Superconductivity of Carbon Compounds with Sodalite Structure

TL;DR

This study explores the potential for high-temperature superconductivity in sodalite-structured carbon compounds through first-principles calculations, revealing some compounds may reach up to 100 K under high pressure.

Contribution

It provides a systematic analysis of the superconducting properties and stability of sodalite-structured carbon compounds, highlighting their potential for phonon-mediated high-$T_{c}$ superconductivity.

Findings

Some carbon sodalite compounds have $T_{c}$ up to 100 K at high pressure.

Mechanical and dynamic stability depend on pressure and doping.
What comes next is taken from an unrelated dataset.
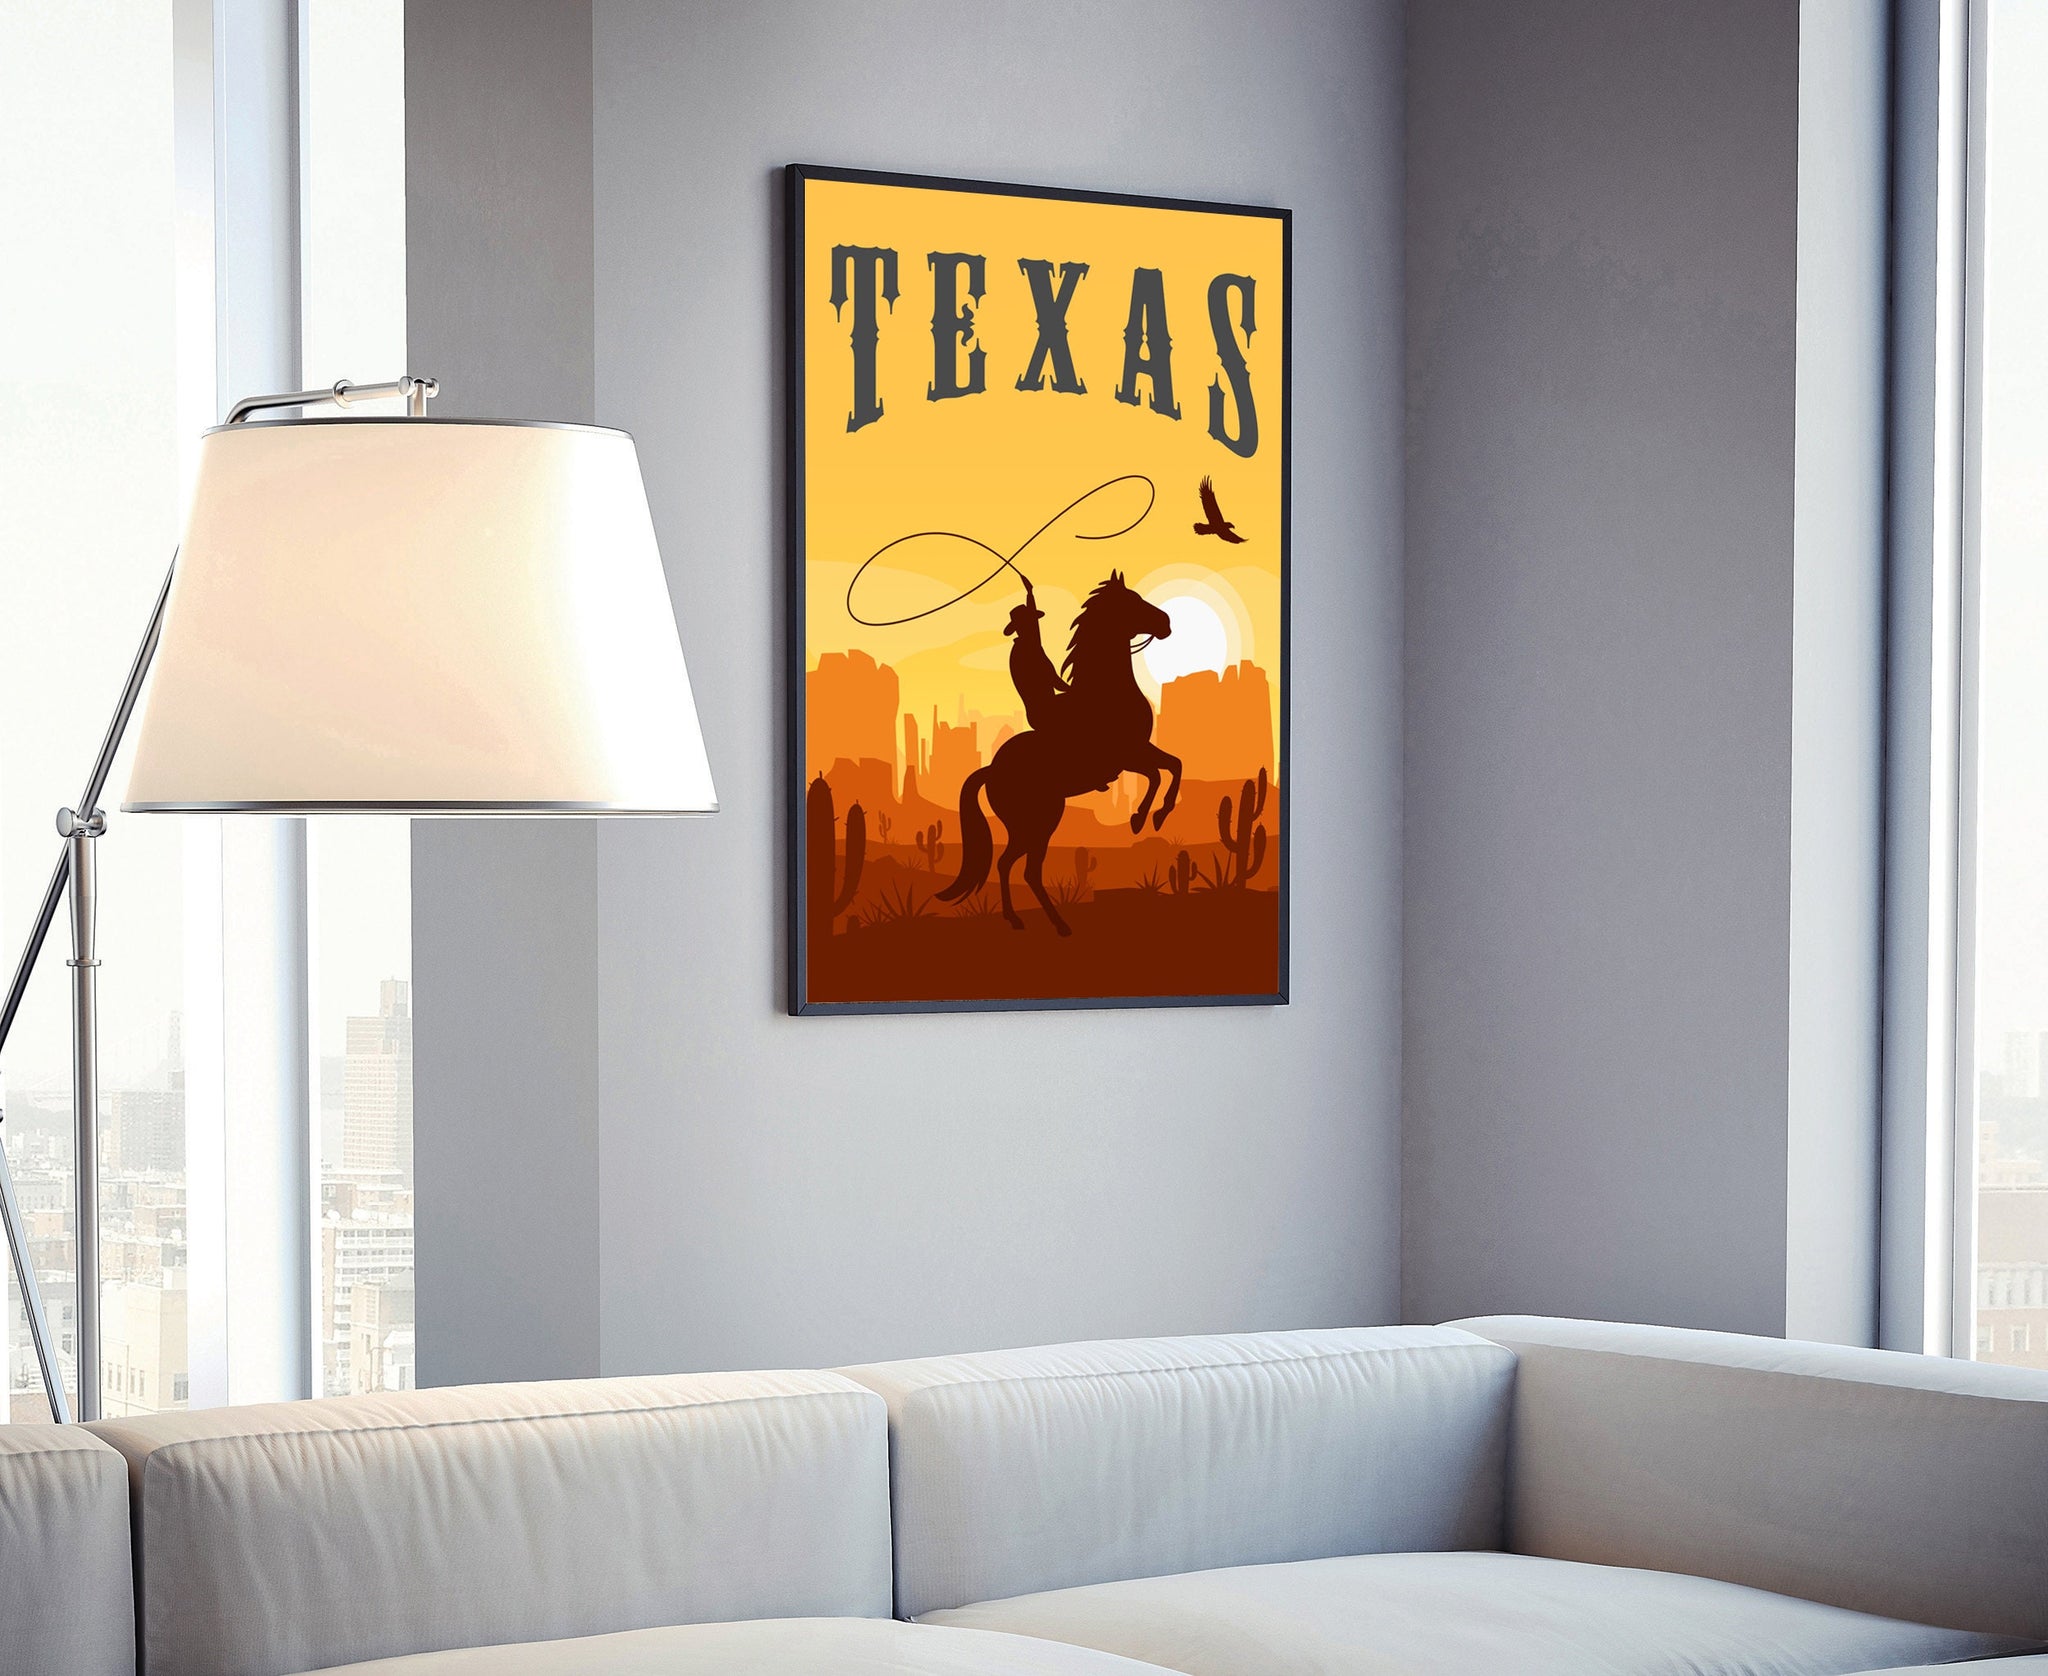 Texas Vintage Rustic Poster Print, Retro Style Travel Poster

Sodalite structure may be key to high-$T_{c}$ superconductivity in carbon.

Abstract

We investigate the superconductivity of carbon compounds with a sodalite structure, which are similar to hydrogen compounds showing the high-temperature superconductivity. A systematic analysis by first-principles calculations is carried out, including examination of mechanical and dynamic instabilities under external pressure $P$. These instabilities are classified on the phase diagram for the effective doping charge versus the lattice constant of the system. We also present the superconducting transition temperature $T_{\rm c}$ as a function of $P$ for many carbon compounds and a pure carbon system with the sodalite structure. Some of them have $T_{\rm c}$ of up to about 100 K at $P > \sim 30$ GPa, and the results suggest that the sodalite structure of carbon may be a key to producing phonon-mediated high-$T_{\rm c}$ superconductivity.